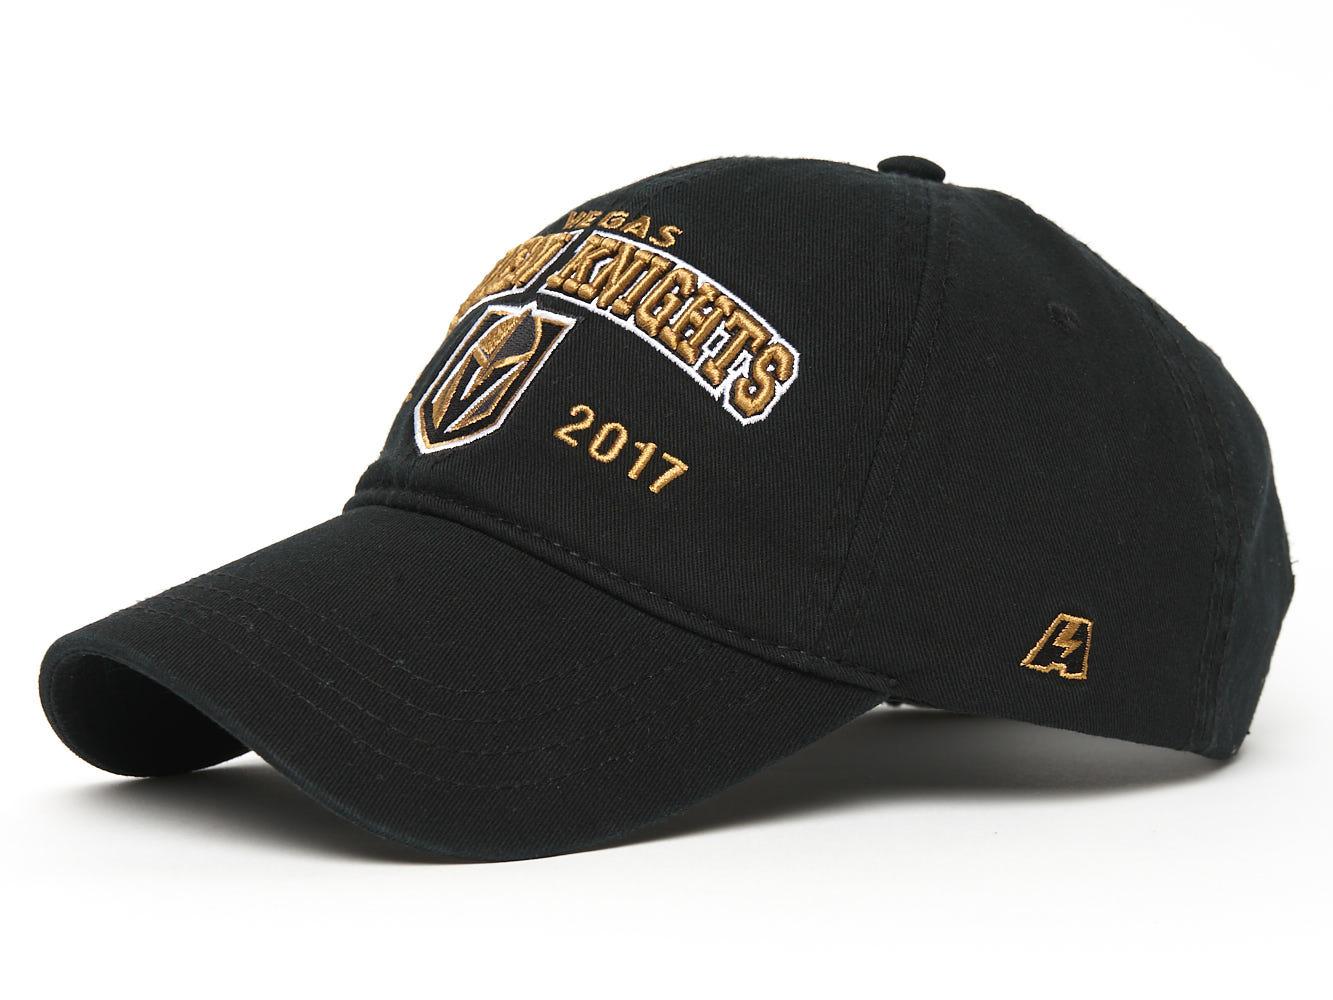 Бейсболка NHL Vegas Golden Knights est. 2017
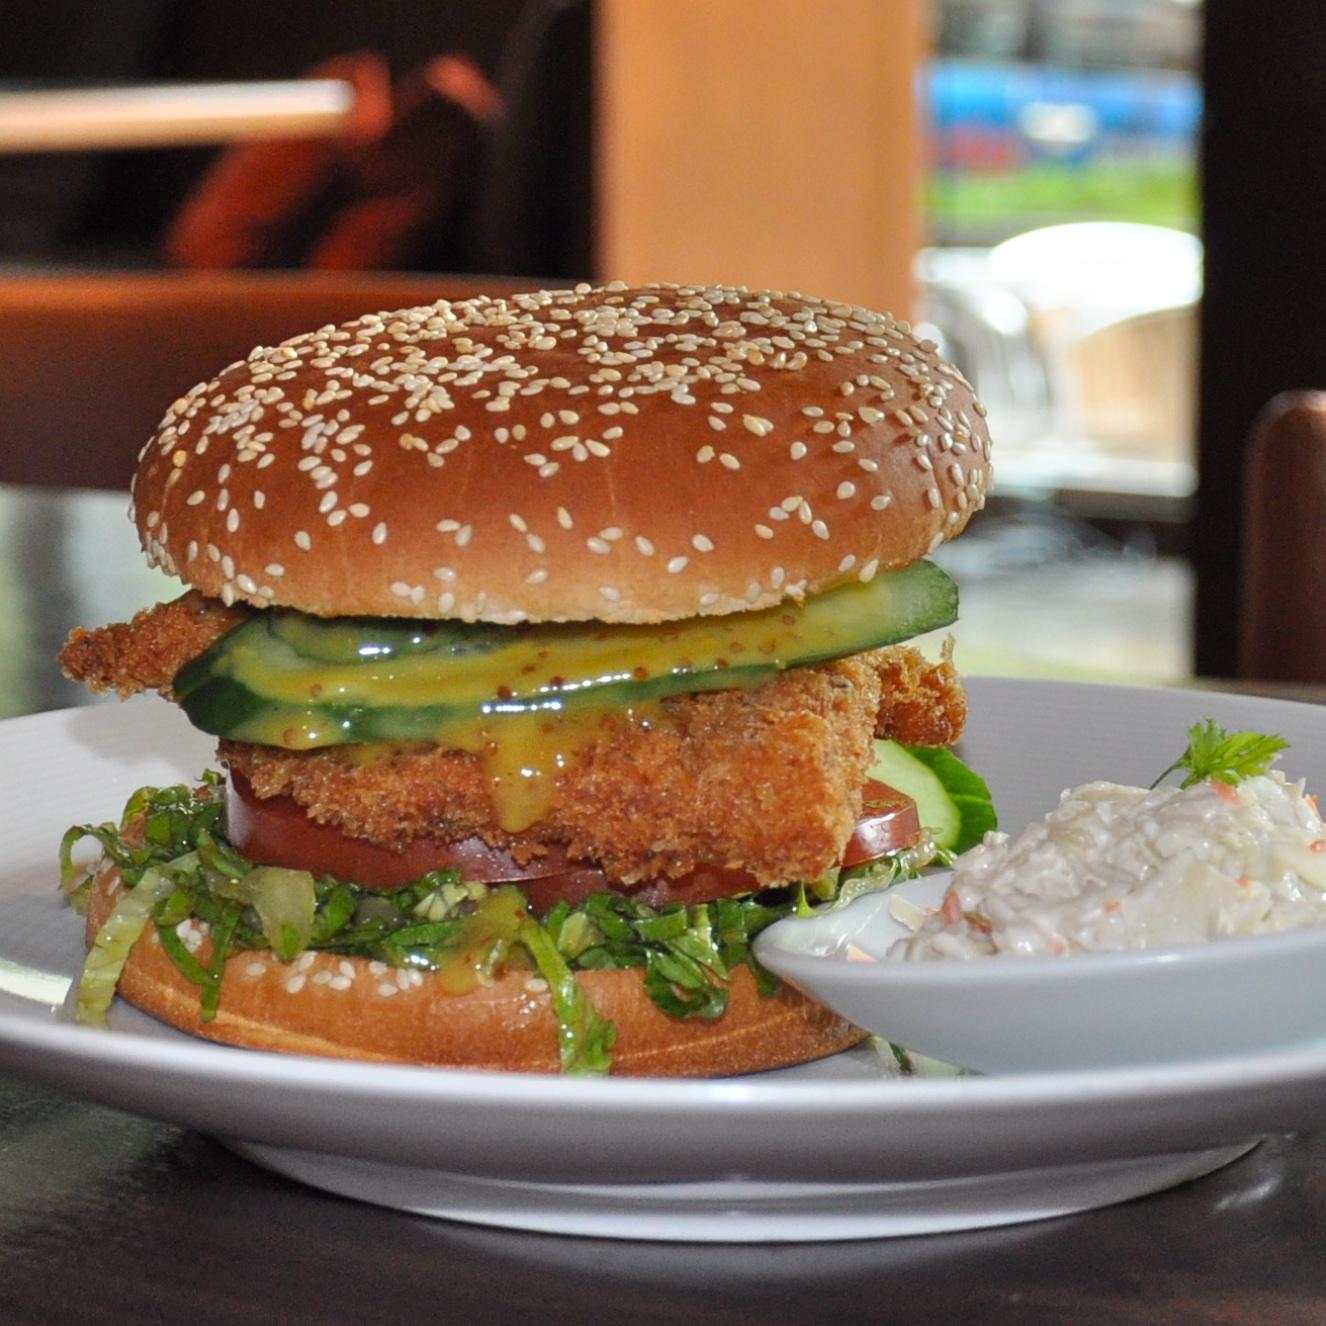 Tizian-Hyatt-Burger-essen-Chicken
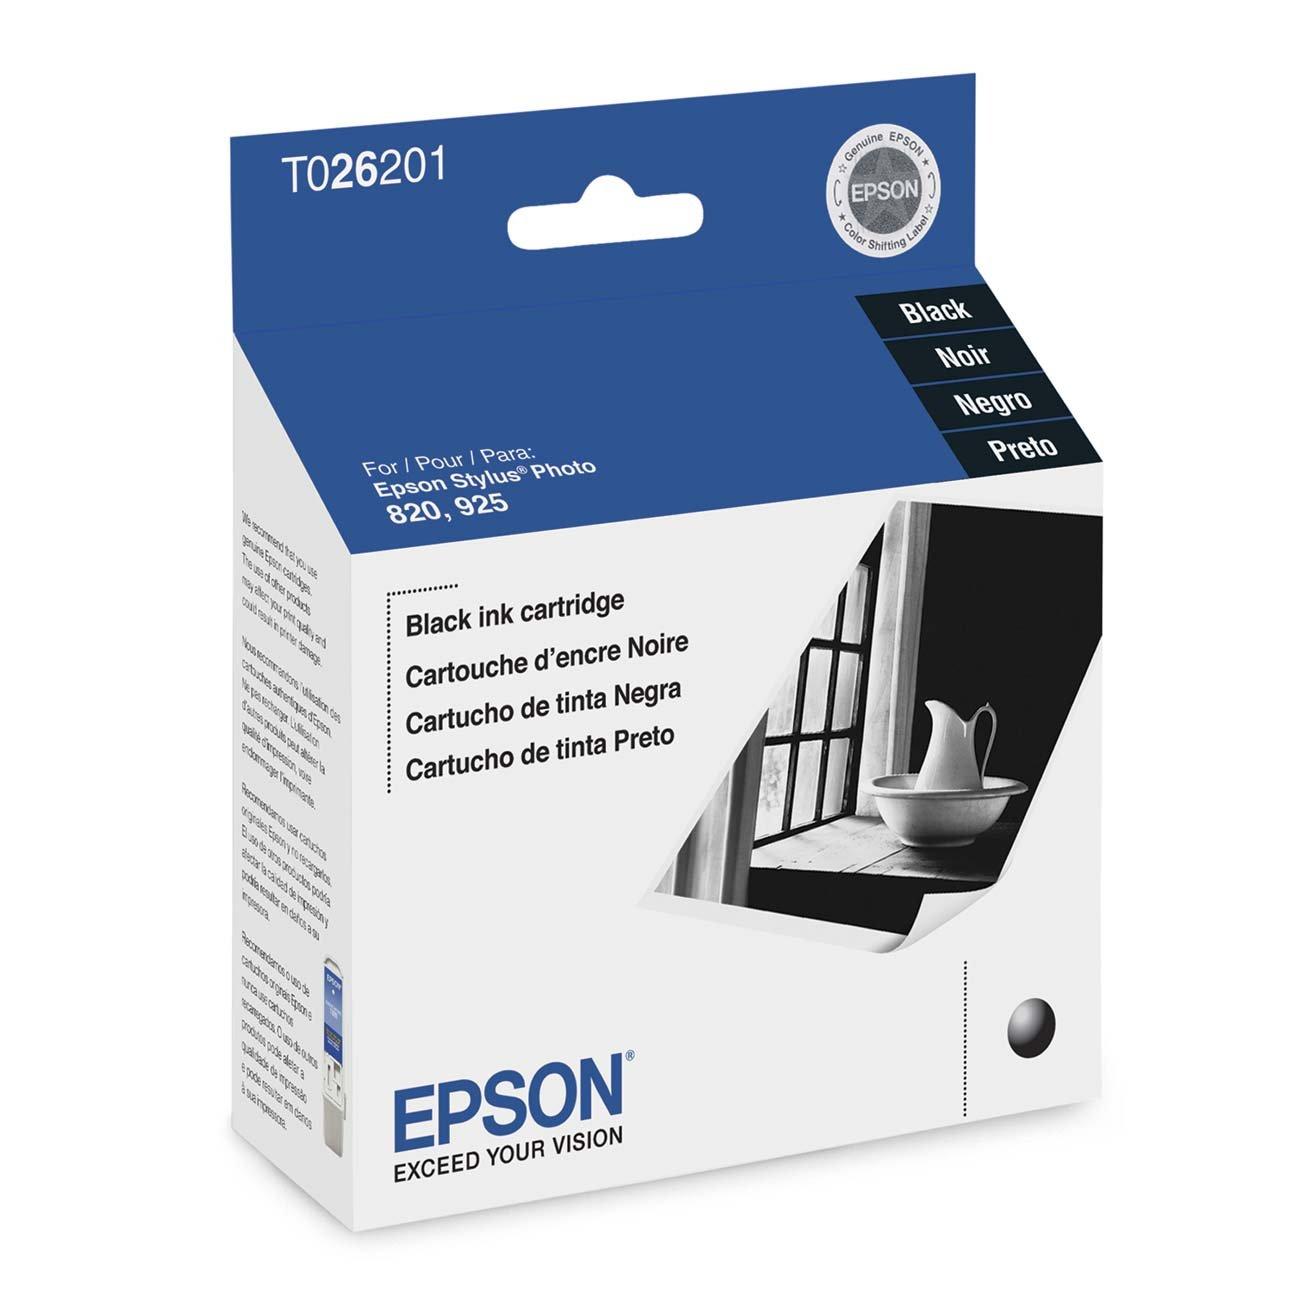 Amazon.com: Epson DURABrite Ultra Ink Cartridges, Amarillo ...
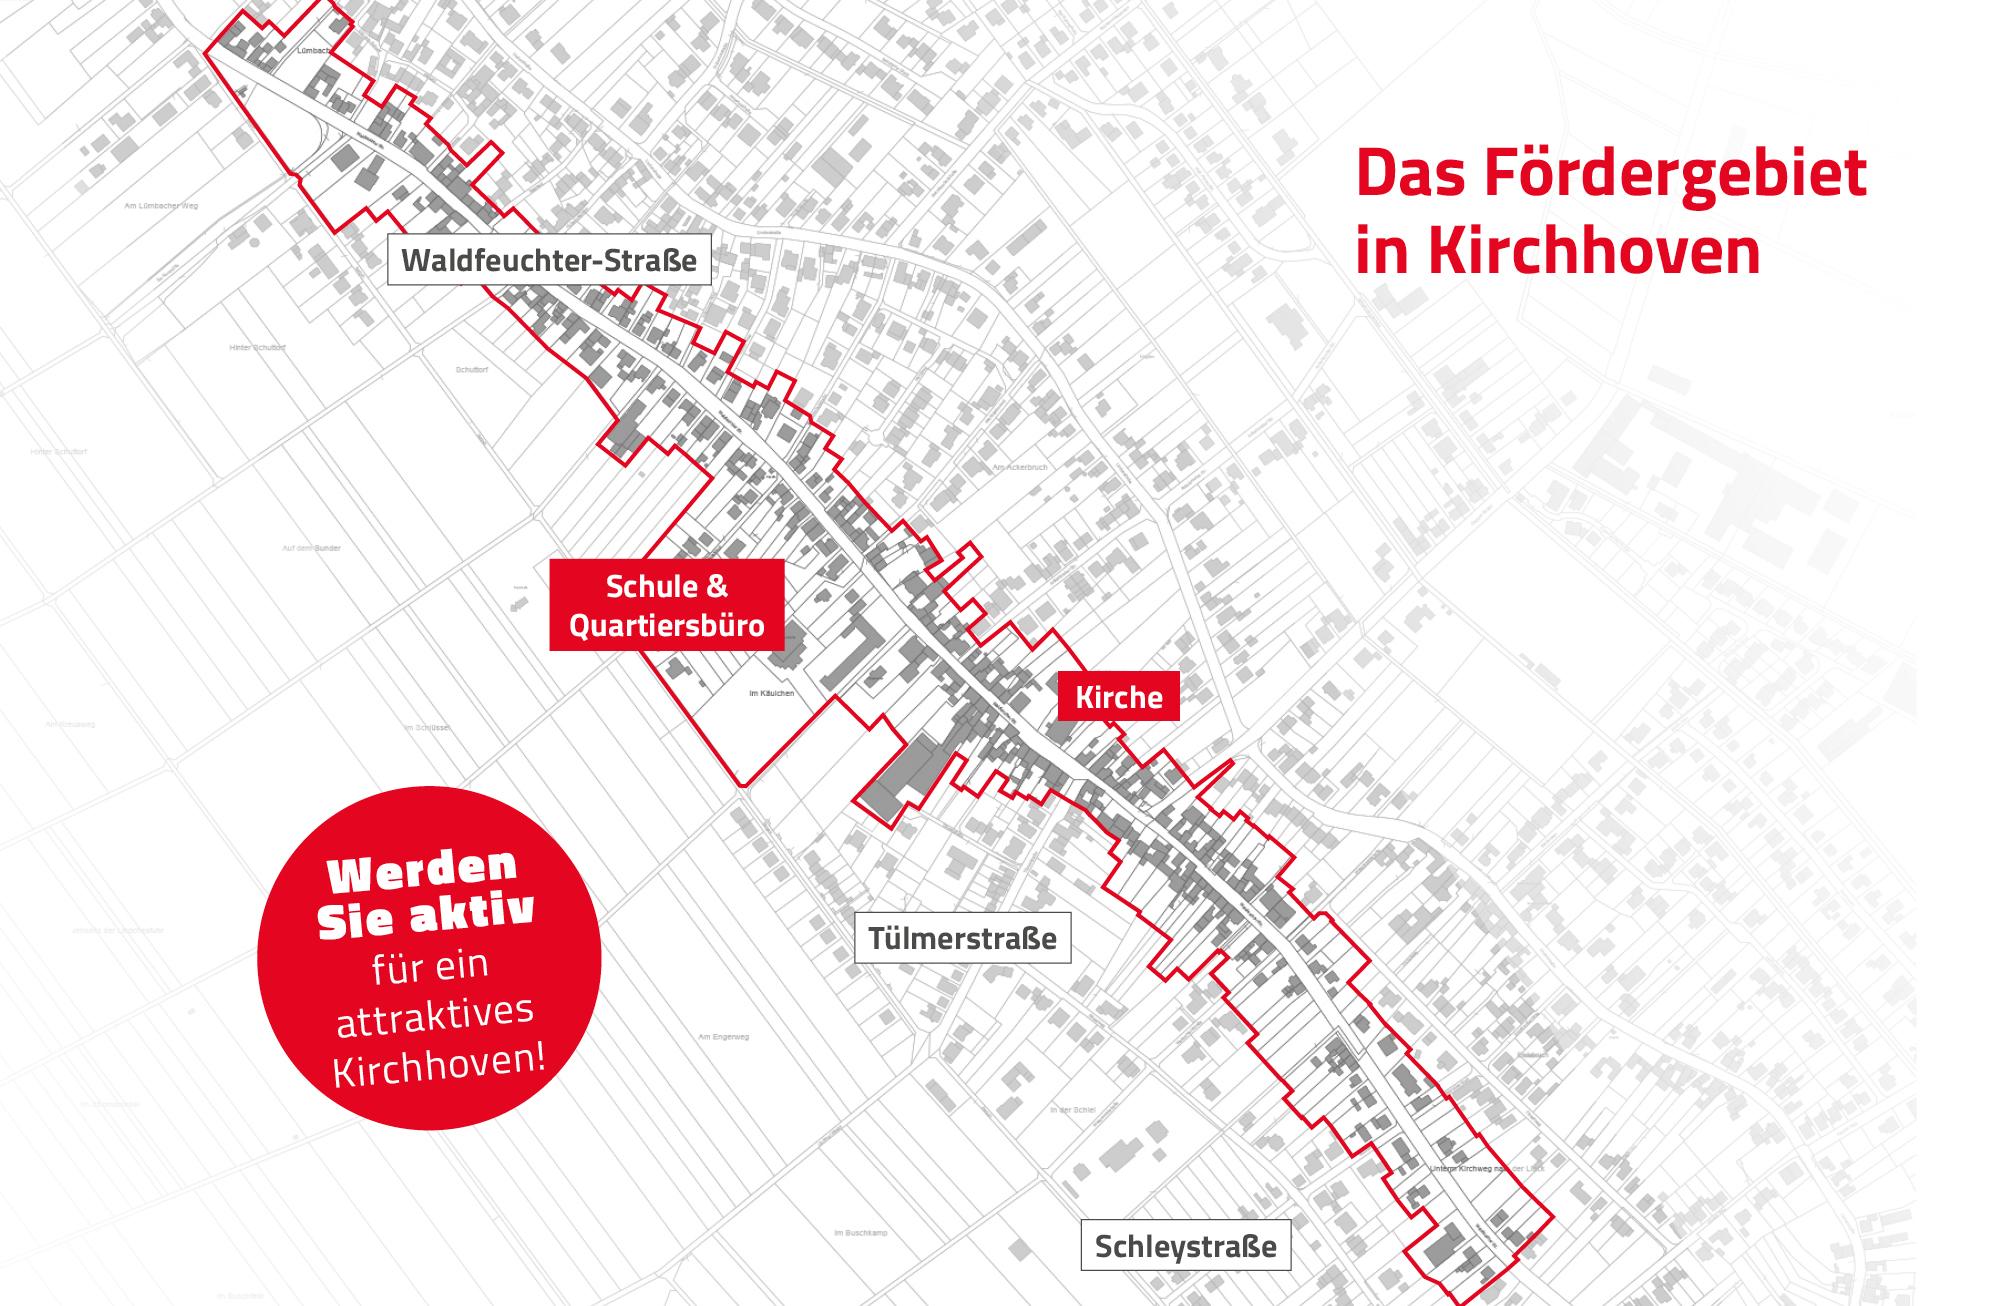 Kirchhoven

Prompt = Here the job is to print the data above exactly, except for any pictures.

Written answer =
 Бейсболка NHL Vegas Golden Knights est. 2017
 Tizian-Hyatt-Burger-essen-Chicken
 Amazon.com: Epson DURABrite Ultra Ink Cartridges, Amarillo ...
 Kirchhoven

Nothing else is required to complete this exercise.